3. Based on my knowledge, the financial statements, and other financial information included in this quarterly report, fairly present in all material respects the financial condition, results of operations and cash flows of the registrant as of, and for, the periods presented in this quarterly report;

4. I am responsible for establishing and maintaining disclosure controls and procedures (as defined in Exchange Act Rules 13a-15(e) and 15d-15(e)) and internal control over financial reporting (as defined in Exchange Act Rules 12a-15(f) and 15d-15(f)) for the registrant and have:

a) Designed such disclosure controls and procedures or caused such controls and procedures to be designed under my supervision, to ensure that material information relating to the registrant, including its consolidated subsidiaries, is made known to me by others within those entities, particularly during the period in which this quarterly report is being prepared.

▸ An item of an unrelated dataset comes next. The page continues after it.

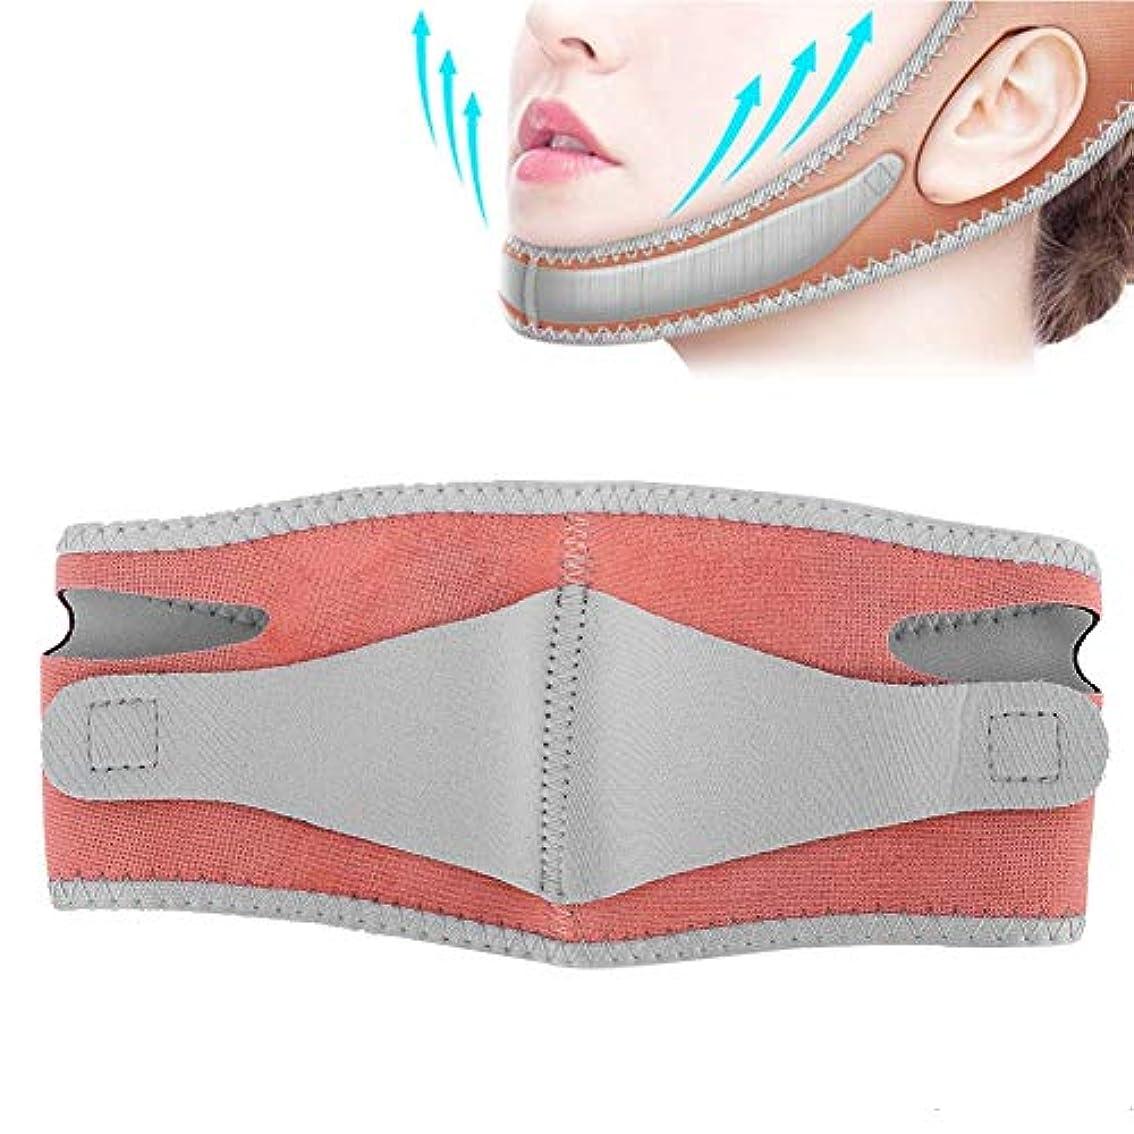 クリエイティブカップひねり薄い顔包帯顔、Vフェイスラインスリムダブルチンチークスリムリフトアップ引き締まった肌防止マスクあなたが顔の肌を引き締めるのに役立ちます

b) Evaluated the effectiveness of the registrant's disclosure controls and procedures and presented in this report my conclusions about the effectiveness of the disclosure controls and procedures as of the end of the period covered by this quarterly report based on such evaluations; and

c) Disclosed in this report any change in the small business issuer's internal control over financial reporting that occurred during the small business issuer's most recent fiscal quarter that has materially affected, or is reasonably likely to materially affect, the registrant's internal control over financial reporting.

5. I have disclosed, based on my most recent evaluation of internal control over financial reporting, to the registrant's auditors and the audit committee of registrant's board of directors (or persons performing the equivalent functions):

a) All significant deficiencies and material weaknesses in the design or operation of internal controls over financial reporting which could adversely affect the registrant's ability to record, process, summarize and report financial data and have identified for the registrant's auditors any material weaknesses in internal controls over financial reporting; and

b) Any fraud, whether or not material, that involves management or other employees who have a significant role in the registrant's internal controls over financial reporting; and


Date: November 19, 2003 /s/
Scott Hosking
Chief Executive Officer And Principal Accounting Officer



Exhibit 32

CERTIFICATION PURSUANT TO


18 U.S.C. SECTION 1350,
AS ADOPTED PURSUANT BY
SECTION 906 OF THE SARBANES-OXLEY ACT OF 2002

In connection with the Quarterly Report of Lumalite Holdings, Inc., on Form 10-QSB for the period ending September 30, 2003 as filed with the Securities and Exchange Commission on the date hereof (the "Report"), the undersigned, Scott Hosking, Chief Executive Officer and Principal Accounting Officer of the Company, certify, pursuant to 18 U.S.C. 1350, as adopted pursuant to ss. 906 of the Sarbanes-Oxley Act of 2002, that to the best of my knowledge and belief:

(1) The Report fully complies with the requirements of section 13 (a) or 15 (d) of the Securities Exchange Act of 1934; and

(2) The information contained in the Report fairly presents, in all material respects, the financial condition and result of operations of the Company.

Date: November 19, 2003 /s/_________________________________
Scott Hosking, Chief Executive Officer
and Principal Accounting Officer


A signed original of this written statement required by Section 906, or other document authenticating, acknowledging, or otherwise adopting the signature that appears in typed form within the electronic version of this written statement has been provided to the Company and will be retained by the Company and furnished to the Securities and Exchange Commission or its staff upon request.